La morte del giovane medico cinese  Li Wenliang, colui  che per primo lanciò inascoltato l’allarme sul coronavirus, sta causando una vera e propria rivolta virtuale nella rete cinese. Naturalmente  per quanto possibile, perché internet a Pechino è costantemente monitorato dalle autorità e staccato dal resto della rete mondiale da un potentissimo «firewall», noto, per assonanza con la grande muraglia cinese, come il «grande firewall cinese». Su Weibo - simile a Twitter - e su WeChat - simile a WhatsApp - si moltiplicano i messaggi che hanno come hashtag #vogliolalibertàdiparola: una vera e propria sfida in un sistema autoritario come quello cinese.
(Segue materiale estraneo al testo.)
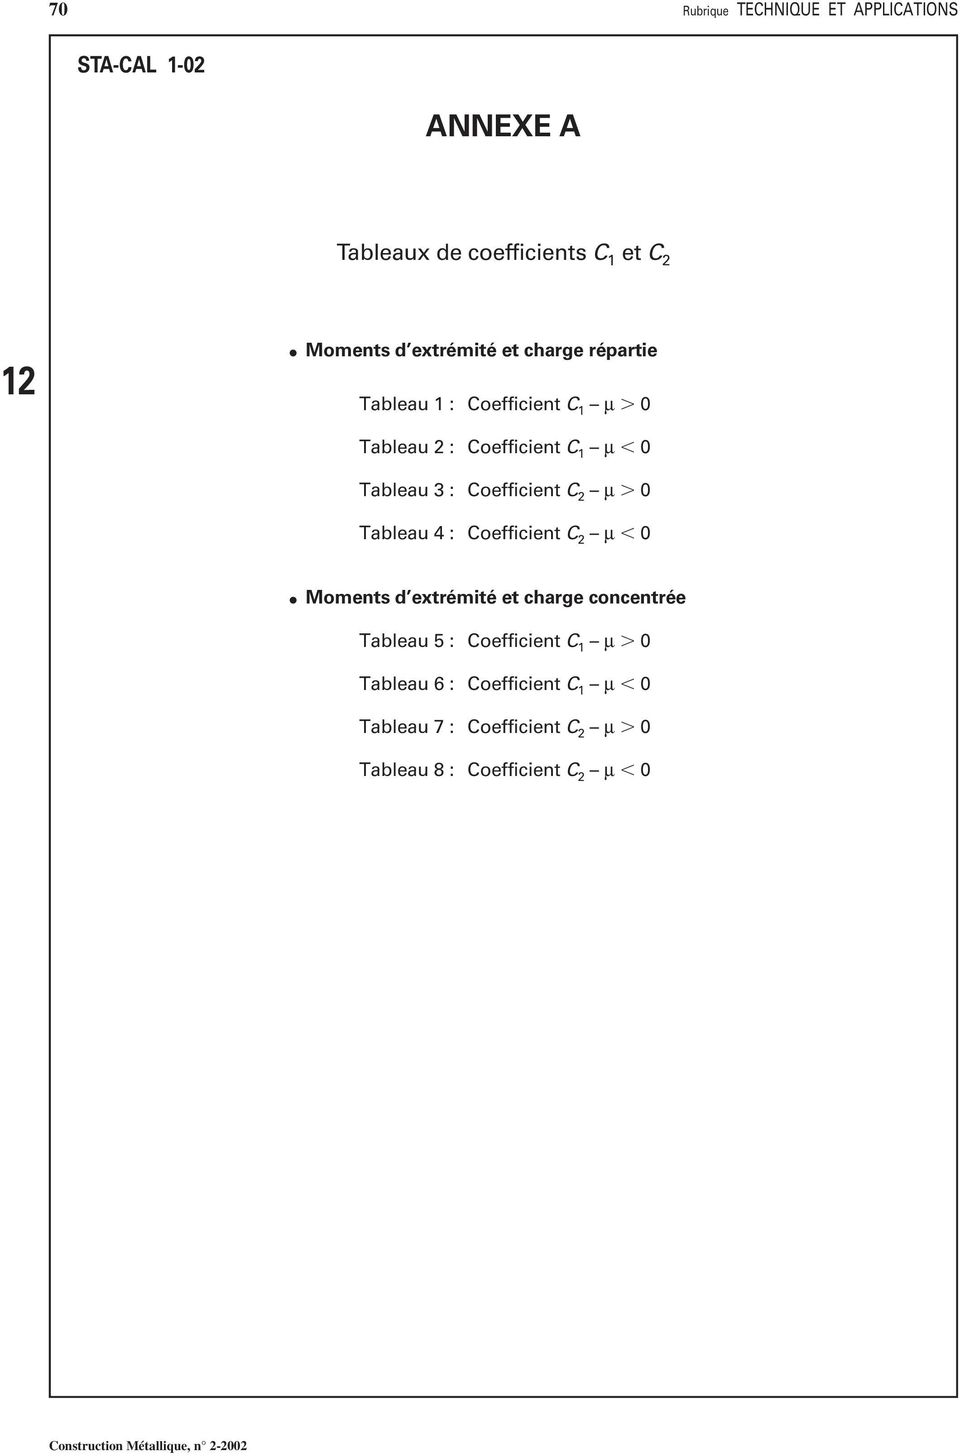 Coefficient C 2 µ 0 Tableau 4 : Coefficient C 2 µ 0 oments d extrémité et charge concentrée Tableau 5 :
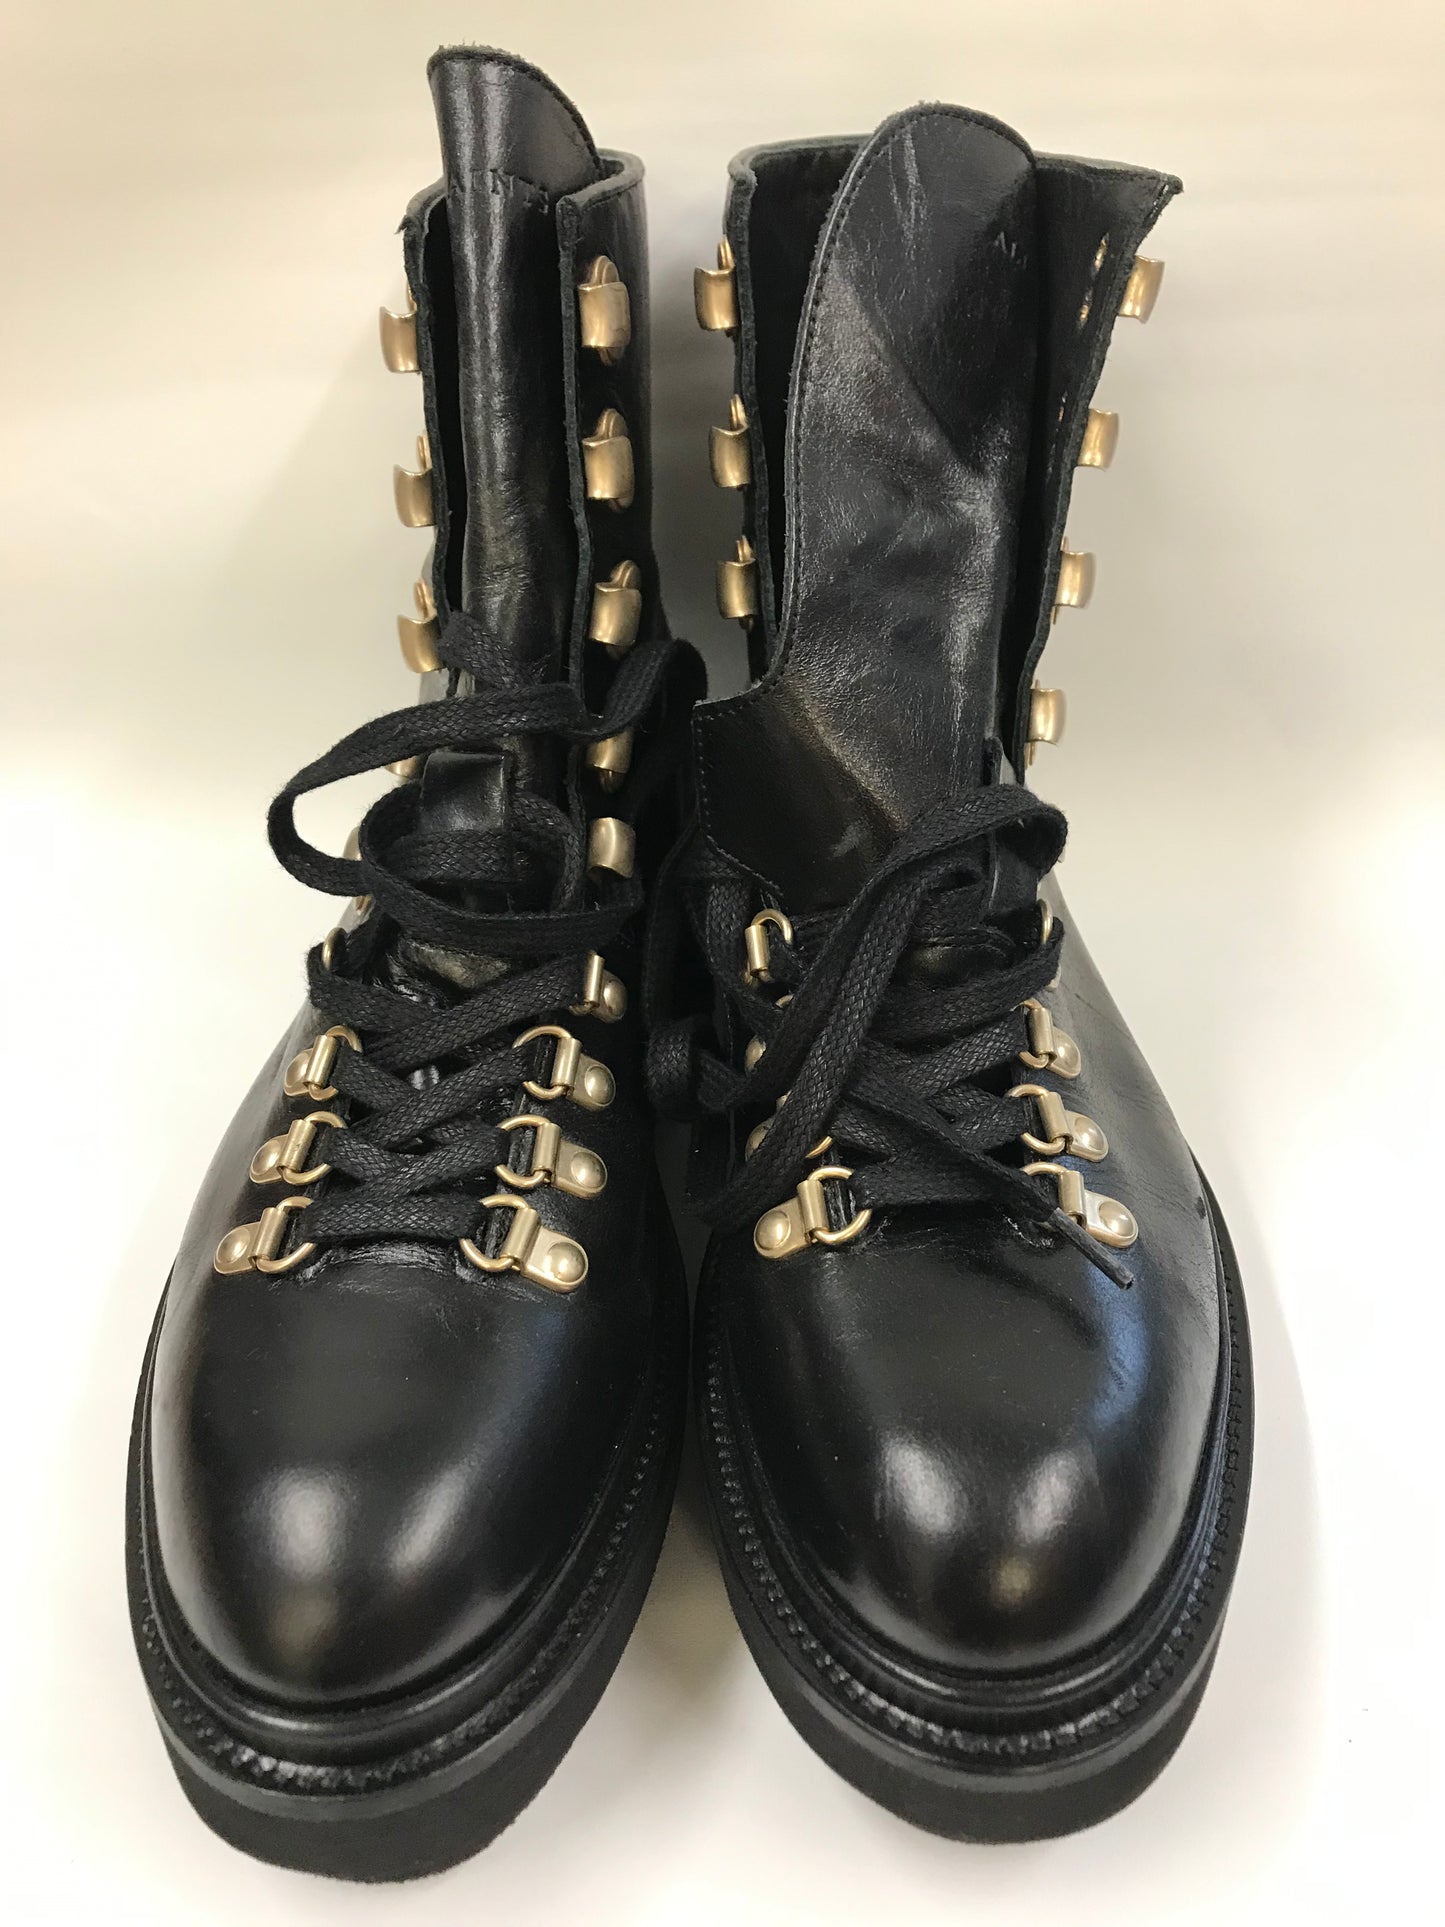 AllSaints Black Lace Up Boots Size 7 BNWT

Se l'allarme lanciato da Li Wenliang fosse stato ascoltato, la lotta contro il coronavirus sarebbe scattata prima e il contagio non si sarebbe diffuso in modo così veloce a Wuhan. Ma il giovane medico fu richiamato per l'allarme e accusato di creare il panico. La sua denuncia, basata sull'evidenza fornita dai sintomi dei malati che stava trattando, fu silenziata.  Così la vita continuò come al solito a Wuhan  e il virus si diffuse per giorni indisturbato, visto che le autorità non presero alcuna misura di profilassi.

Negli stati autoritari la diffusione delle informazioni è strettamente limitata e di solito avviene per via gerarchica.  Così nessuno, per paura di esserne ritenuto responsabile, passa le cattive notizie al grado superiore, anzi tende ad insabbiarle. Fino a che, come è avvenuto a Wuhan, l'enormità del problema rende impossibile nasconderlo. Allora si ricorre a drastiche misure d'emergenza. Ma i buoi, come da proverbio, sono già scappati.